Jupyter, (Py)Spark and FastAPI toolkit

License

Notifications You must be signed in to change notification settings

pierrz/biggie

Repository files navigation

biggie

Biggie is a tool dedicated to:

  • quickly get data from (external) APIs into either a Mongo or Postgres database
  • have it exposed/searchable via a dedicated API
  • investigate it from a Jupyter Lab server

It is a Docker compose setup including:

  • an orchestrator container based on Celery (including Beat) and asyncio
  • a Spark cluster made of a master and 2 workers containers
  • an API endpoints container based on FastAPI
  • 2 containers for MongoDB and PostgreSQL databases
  • 3 containers for Flower, Mongo-Express and DBeaver for monitoring purpose
  • a Jupyter Lab container to play around with all this

It is currently set up to fetch data from the GitHub Events API then stream it into Mongo and have it exposed/analysed via several dedicated APIs.
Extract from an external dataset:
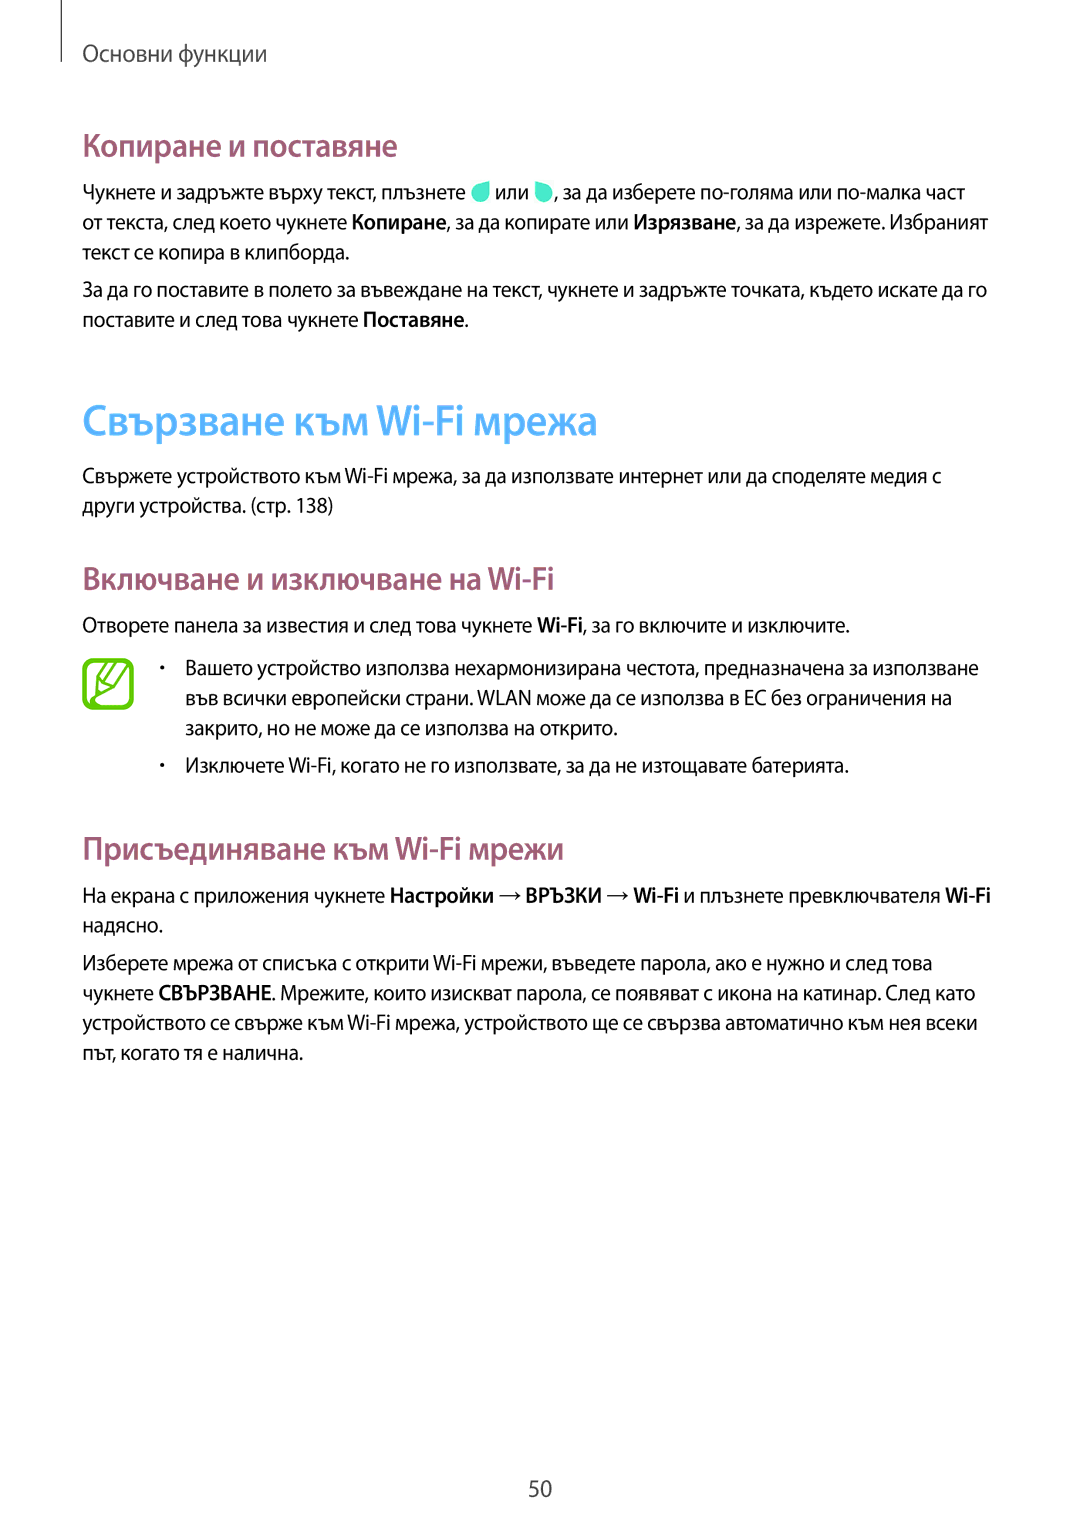 Samsung SM-N9005ZIEGBL, SM-N9005ZKEBGL Свързване към Wi-Fi мрежа, Копиране и поставяне, Включване и изключване на Wi-Fi

It was fetching data from the Marvel API until version 0.4.0.

The repository itself is based on the 'Papel' repository.


Table of Contents



Installation

Environment

You have to create the .env environment file and use/create a Github token for enabling the test buid sequence.

[wip] Eventually tweak the schedule parameter for the cleaning task (see "Data streaming" section below.).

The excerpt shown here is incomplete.